===== DATA EXTRACT =====

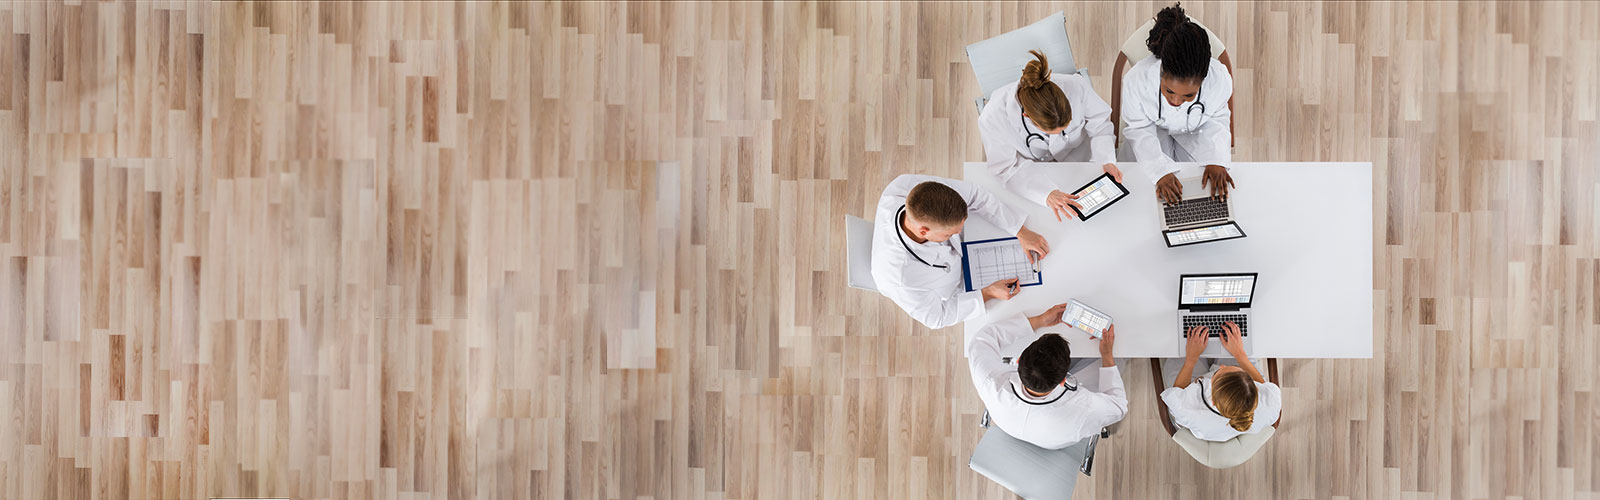 Banner image - A group of physicians sitting together at a table collaborating.
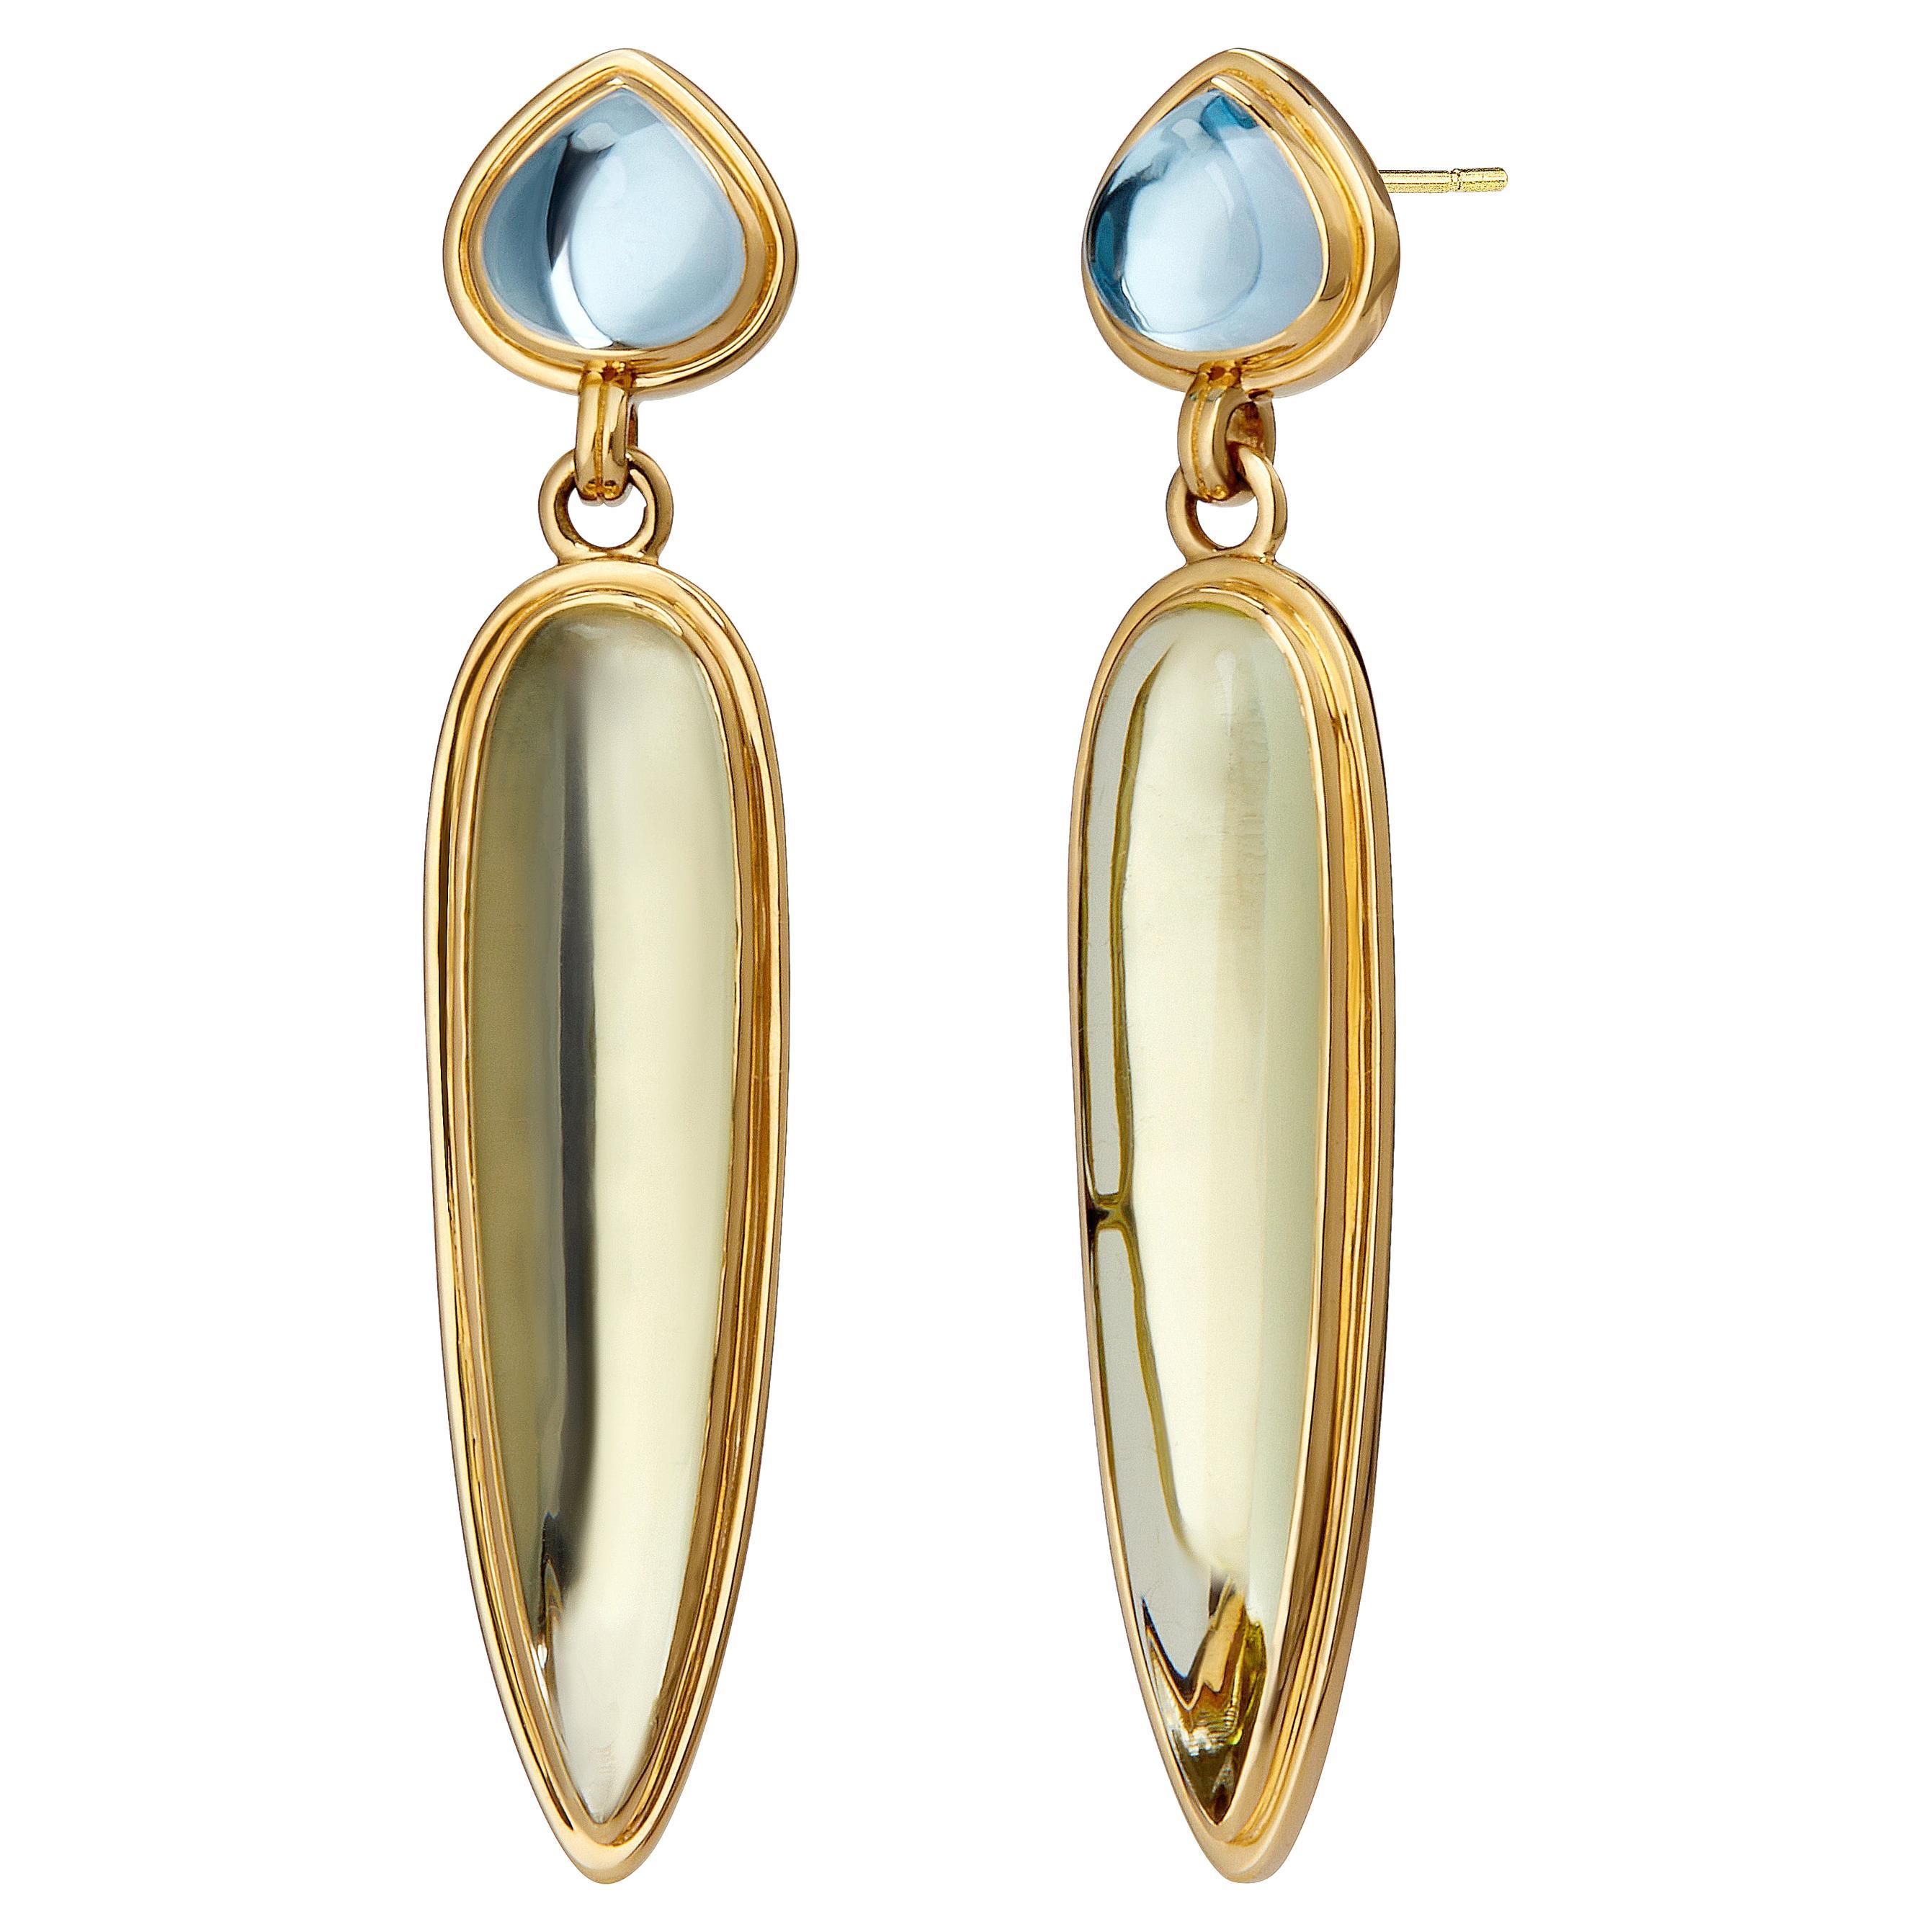 Syna Yellow Gold Earrings with Blue Topaz and Lemon Quartz
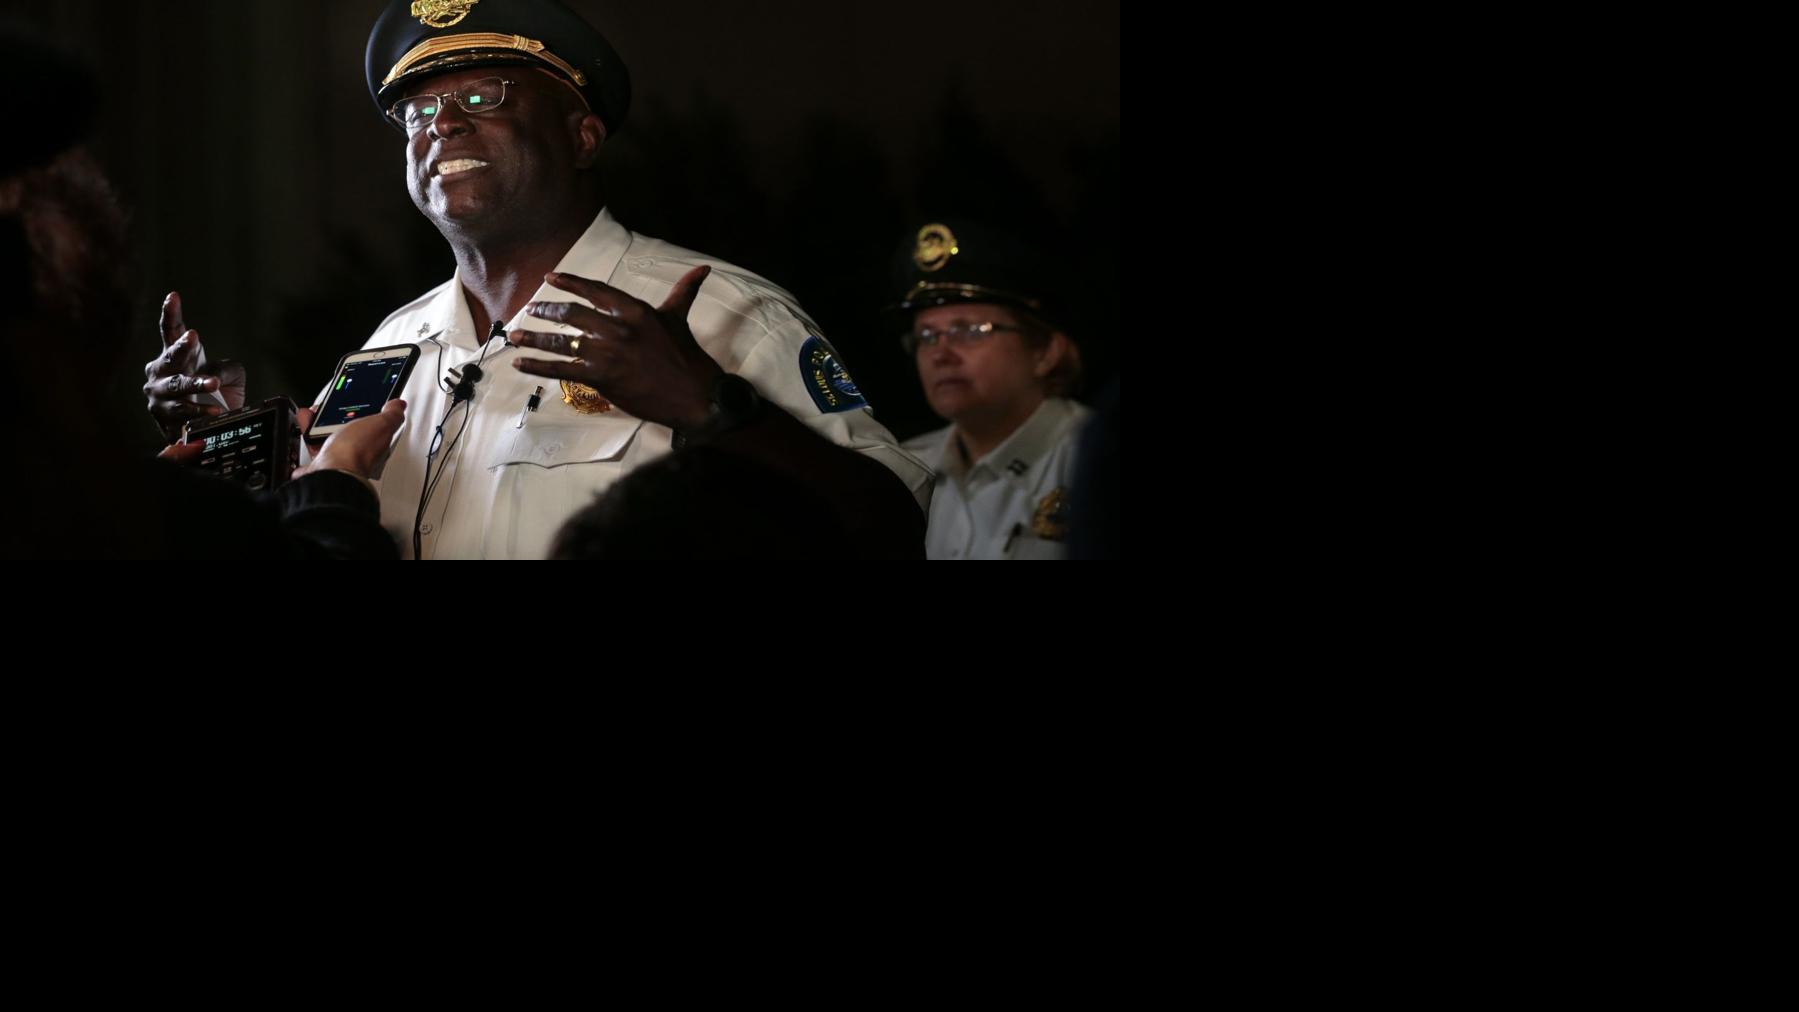 Inside the Post-Dispatch: A talk with St. Louis Police Chief John Hayden on gun violence | Law ...

=====

**WHAT YOU WILL DO:** The answer should be an exact copy of the material, with its pictures removed.

**WORKED SOLUTION:**
 Banner image - A group of physicians sitting together at a table collaborating.
 Syna Yellow Gold Earrings with Blue Topaz and Lemon Quartz
 Inside the Post-Dispatch: A talk with St. Louis Police Chief John Hayden on gun violence | Law ...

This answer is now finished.